**Information provided**
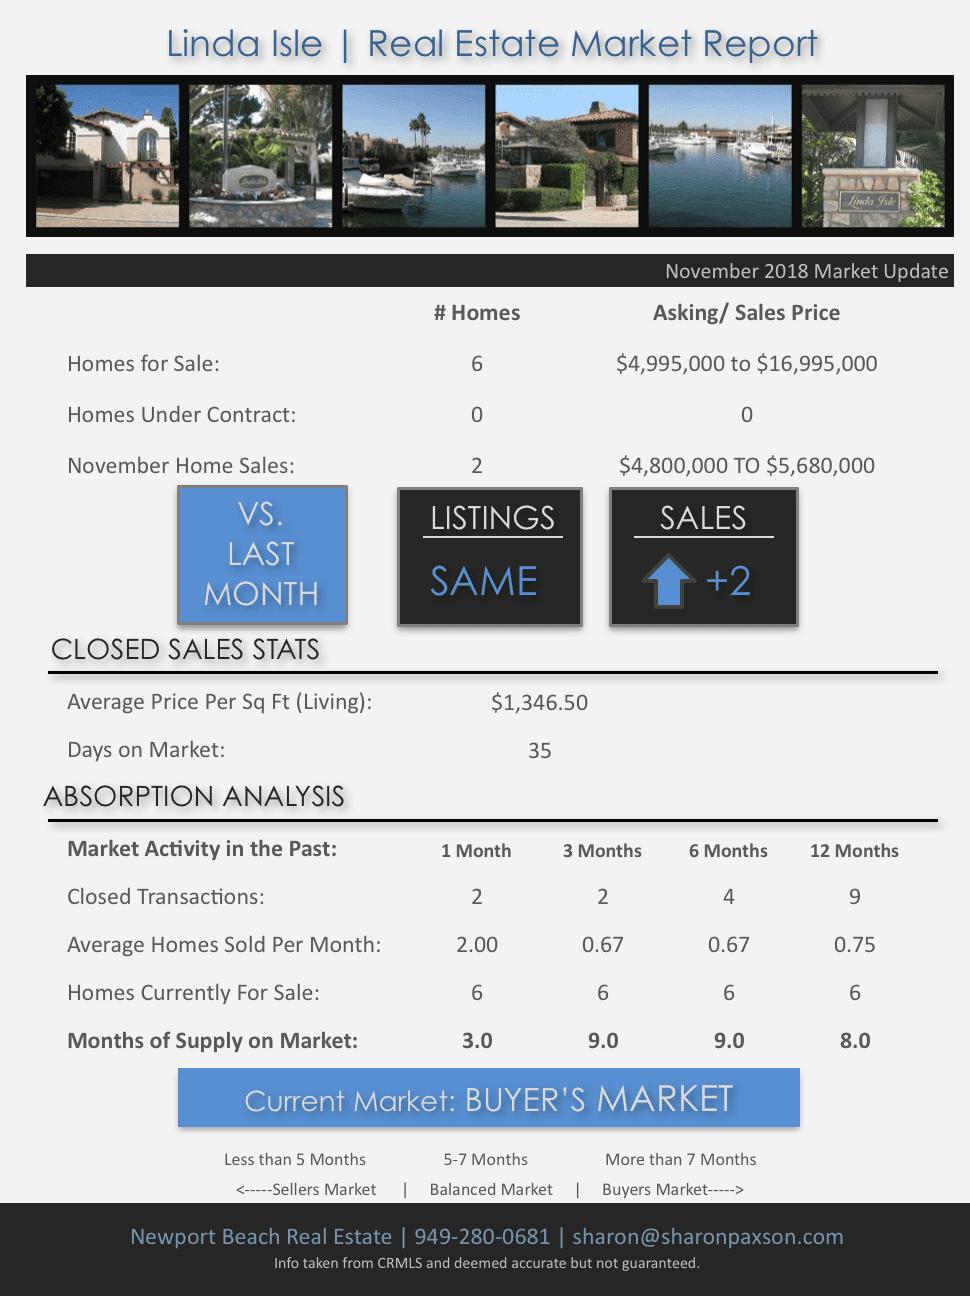 How is the Real Estate Market on Linda Isle in Newport Beach CA November 2018?
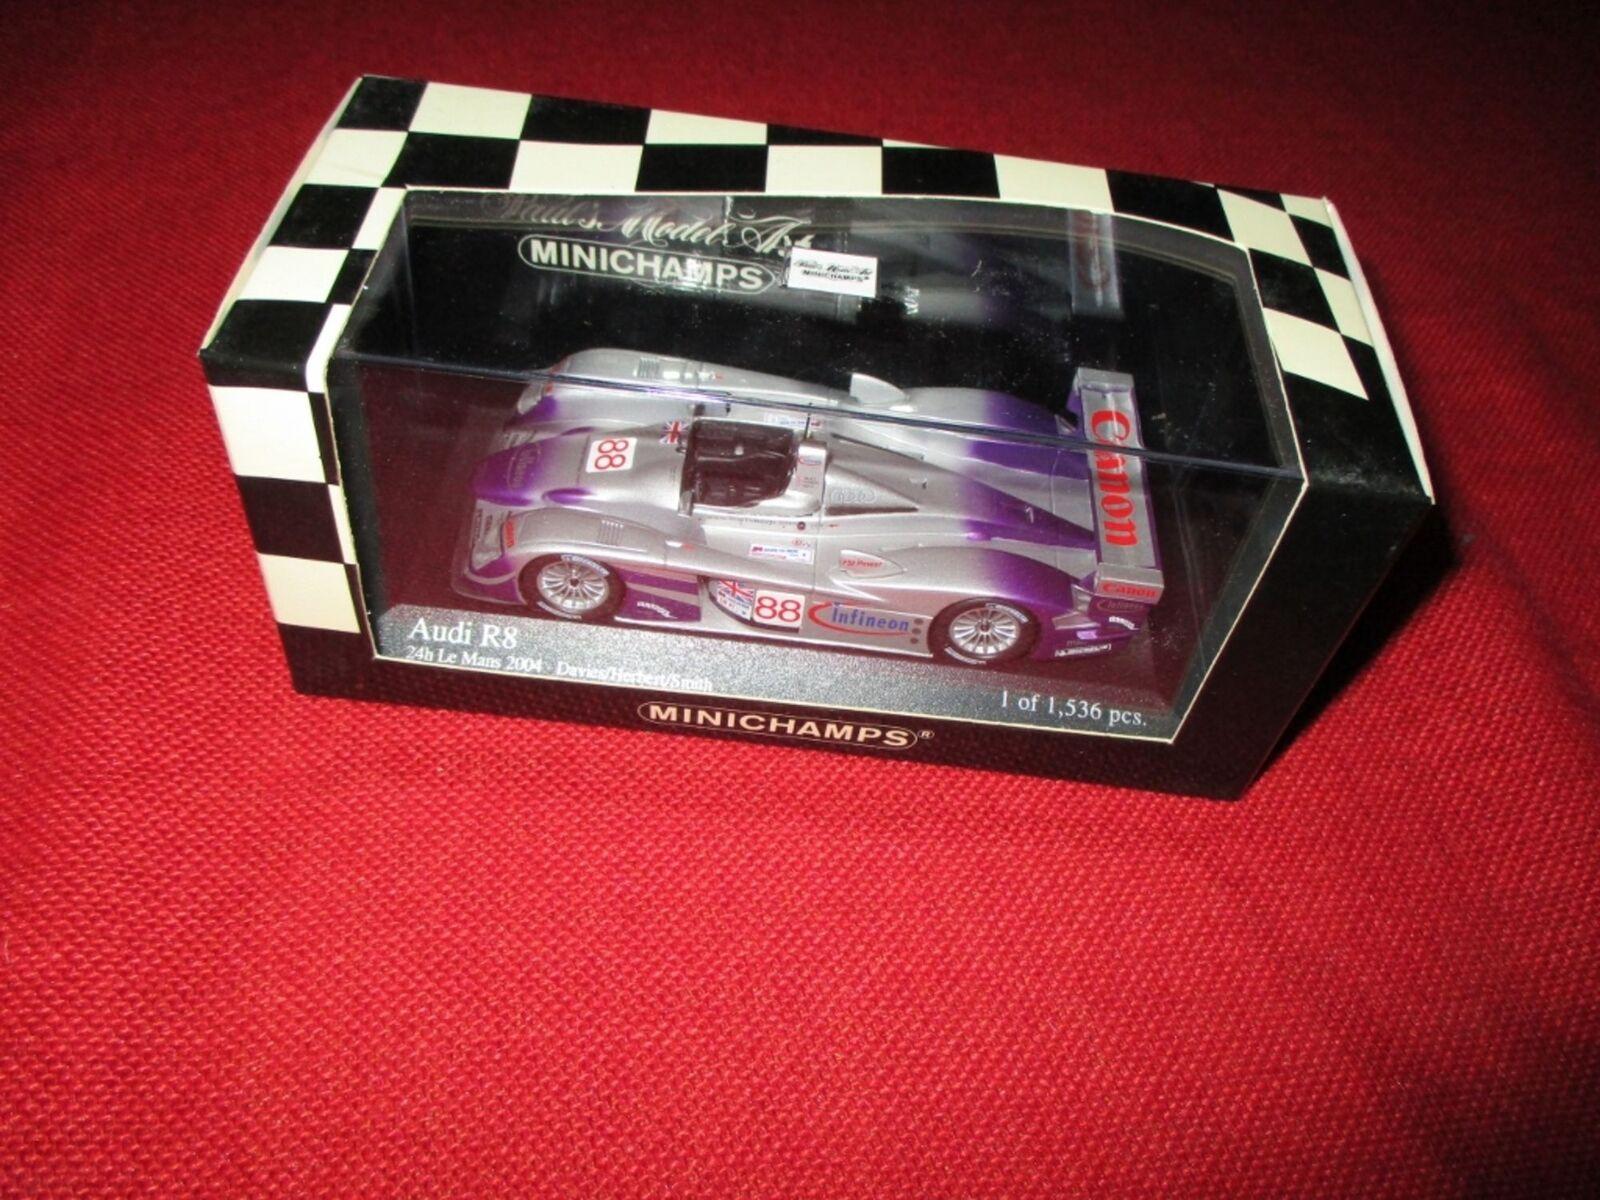 MINICHAMPS® 400 041388 1 43 Audi R8 24h Le Mans 2004 Davies Herbert Smith  | Angenehmes Gefühl
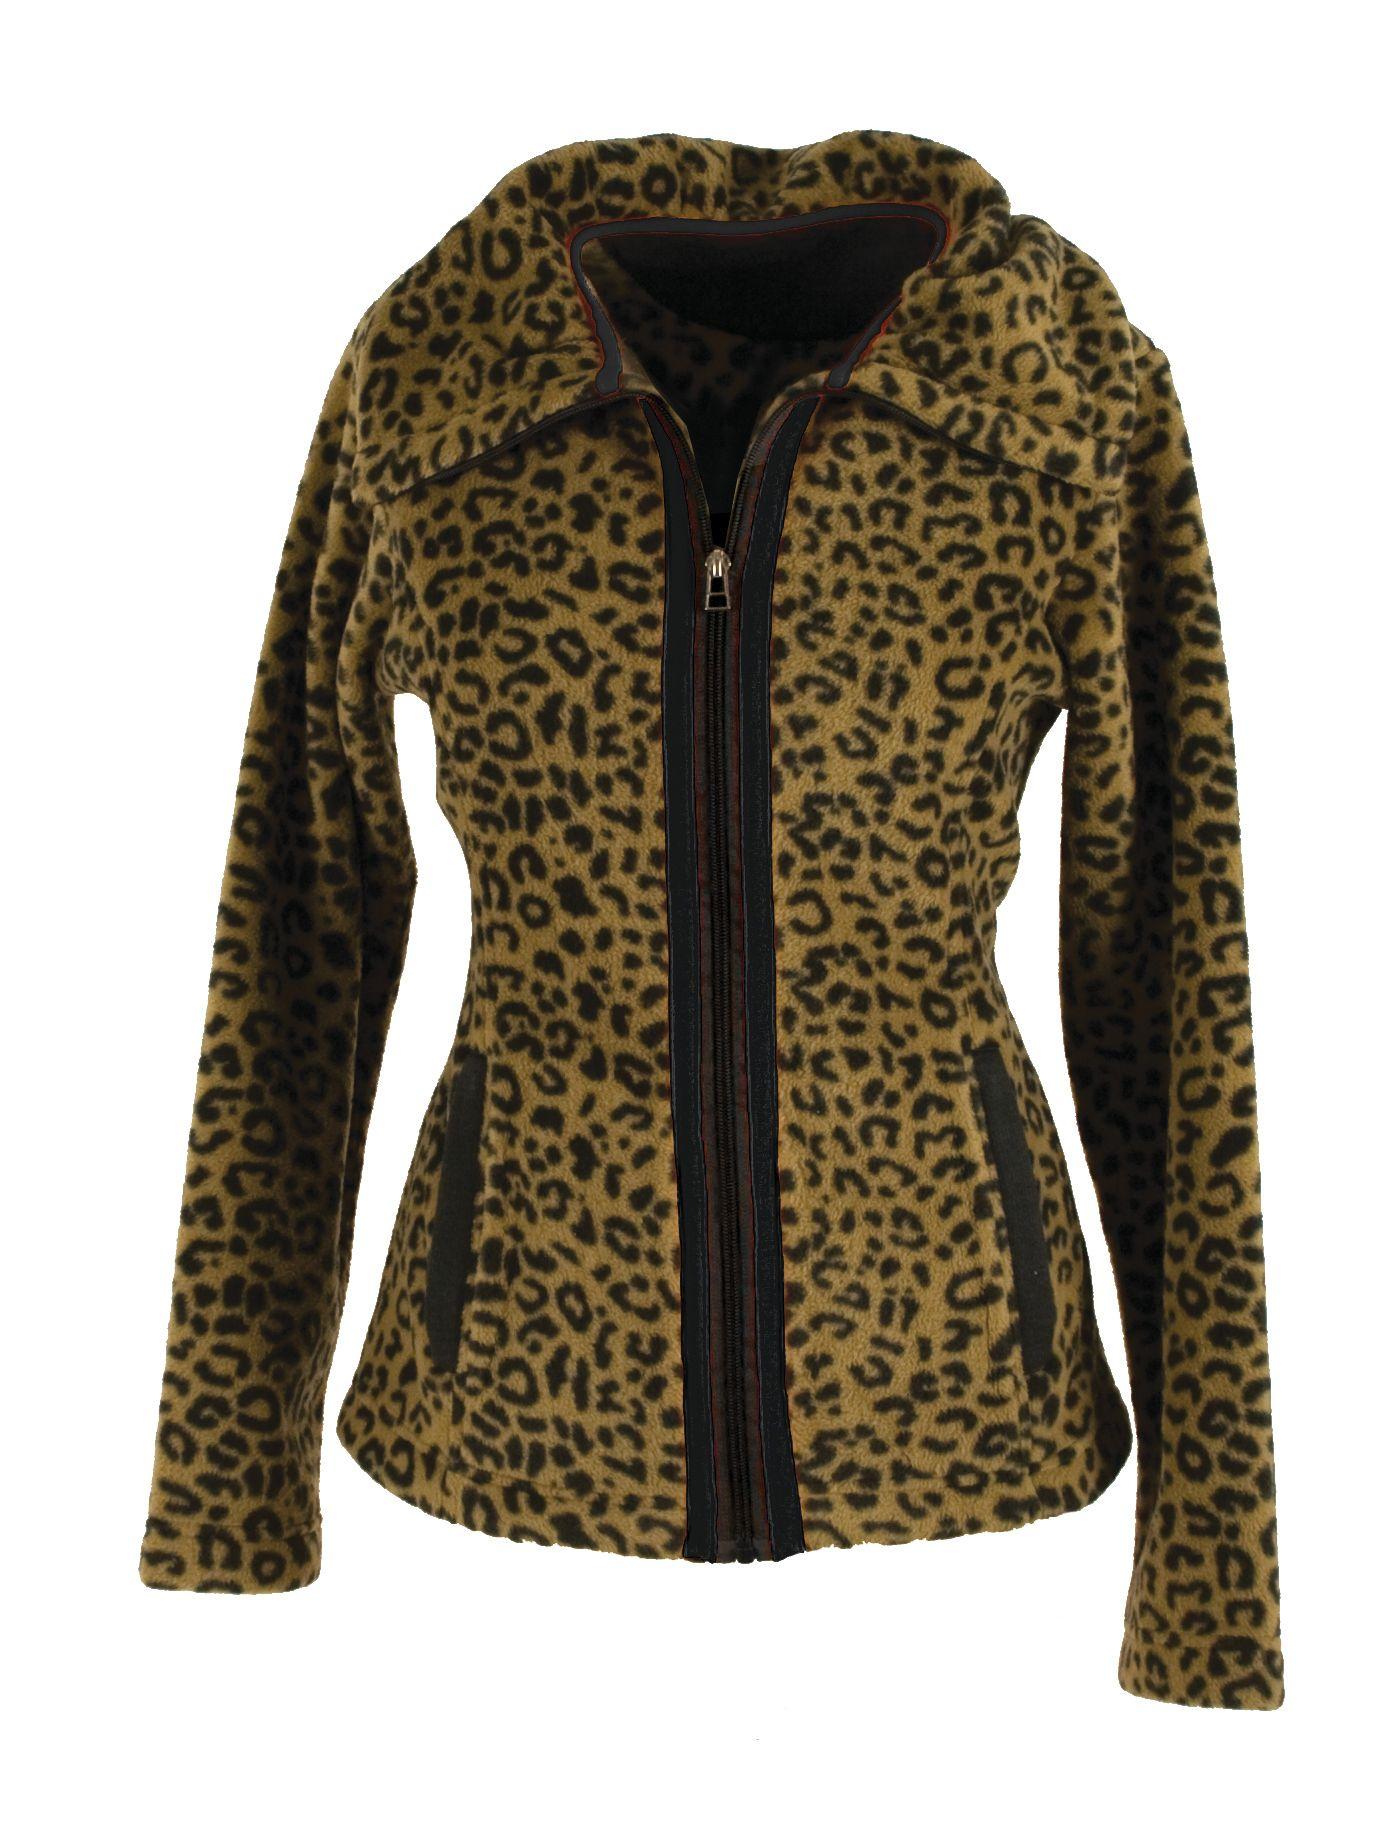 Horseware Ladies Newmarket Leopard Camille Jacket

**Exercise directions**
Without the pictures, retype exactly the lines from the one that holds "MINICHAMPS® 400 041388" to the last line of the data above, both of them included.

**Result for this task**
 MINICHAMPS® 400 041388 1 43 Audi R8 24h Le Mans 2004 Davies Herbert Smith  | Angenehmes Gefühl
 Horseware Ladies Newmarket Leopard Camille Jacket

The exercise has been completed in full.